#### [What needs to be done]
A verbatim transcript of the data below is required, images omitted.

#### [Stored data]

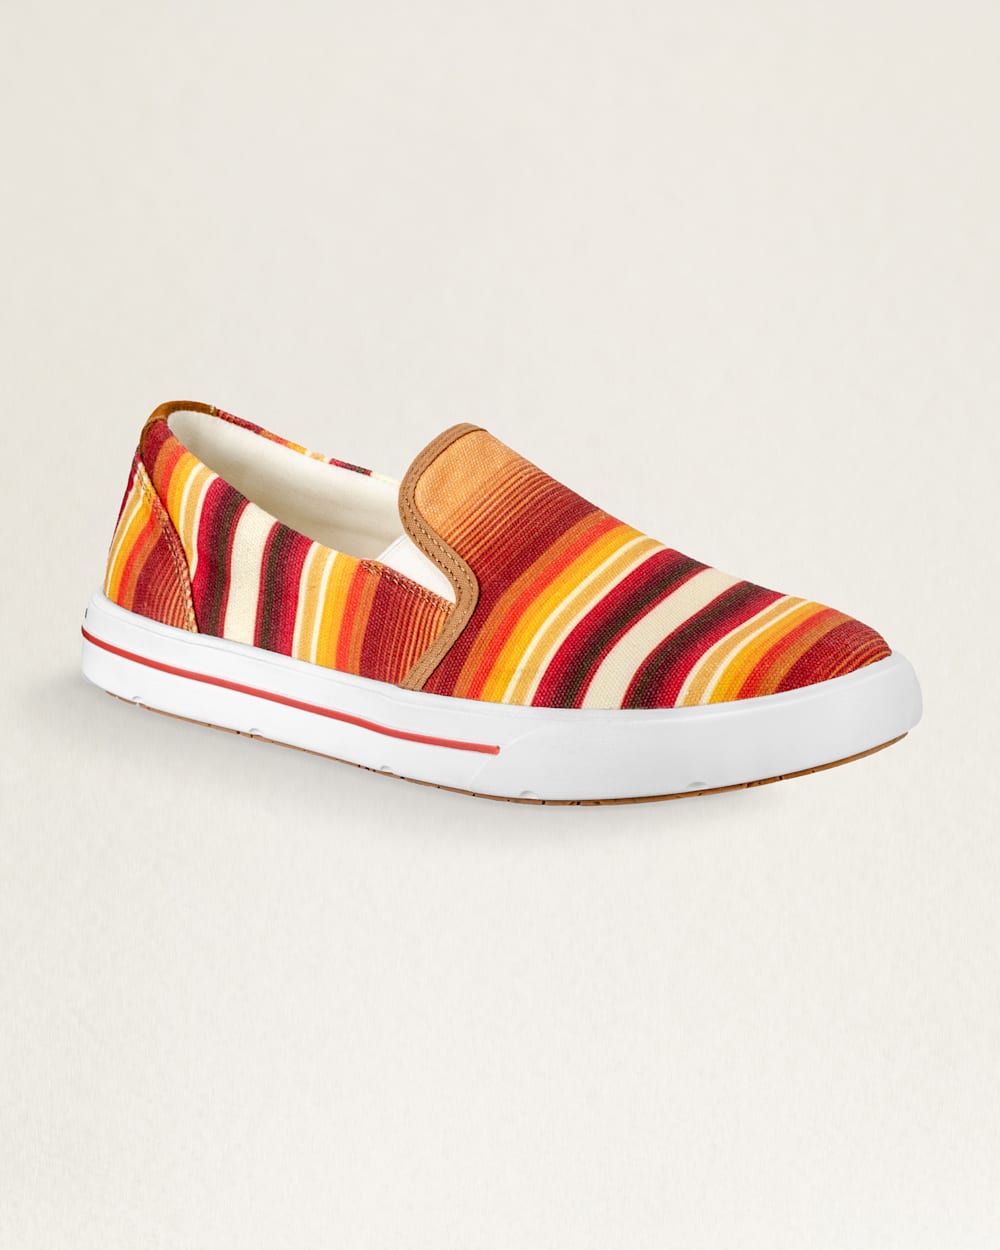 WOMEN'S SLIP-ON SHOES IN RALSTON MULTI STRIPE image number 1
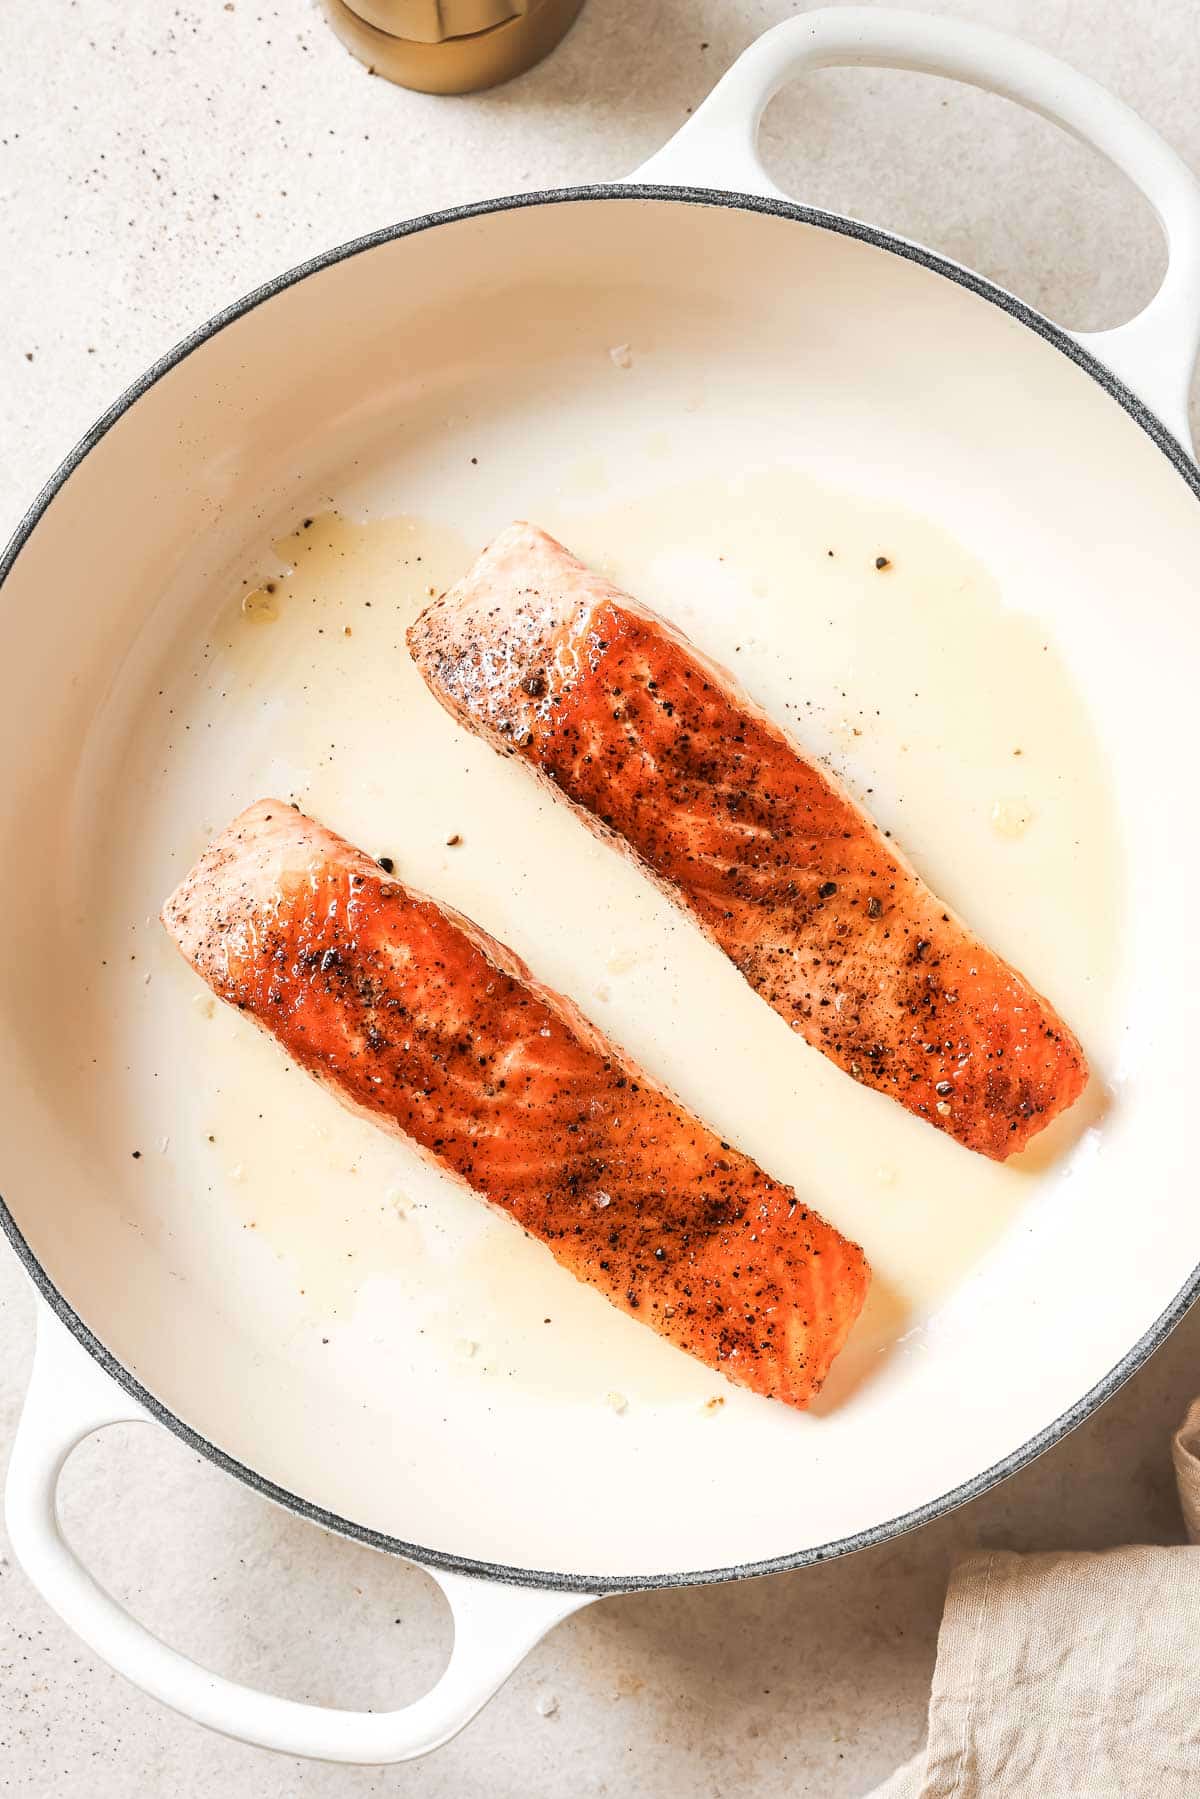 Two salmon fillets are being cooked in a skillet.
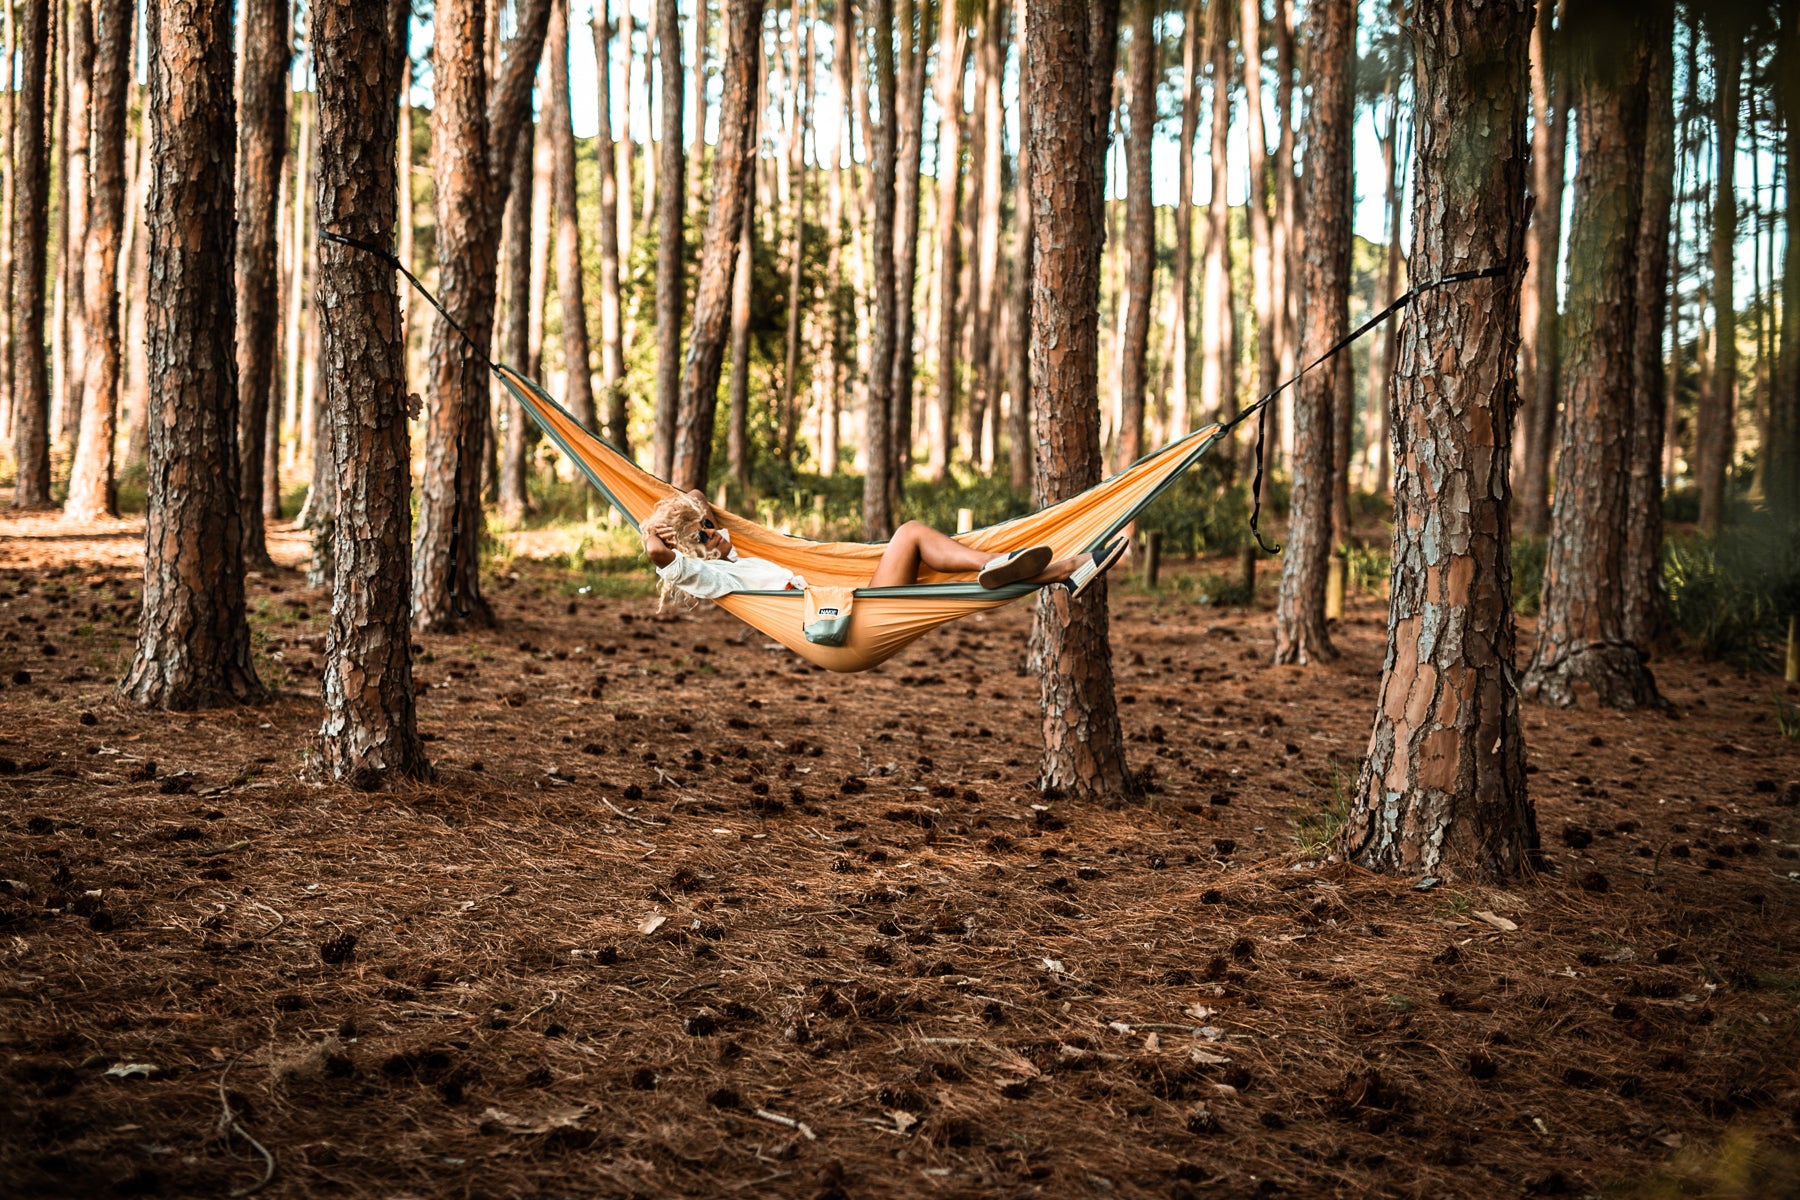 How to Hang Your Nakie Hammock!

#### [Expected answer]
 WOMEN'S SLIP-ON SHOES IN RALSTON MULTI STRIPE image number 1
 Two salmon fillets are being cooked in a skillet.
 How to Hang Your Nakie Hammock!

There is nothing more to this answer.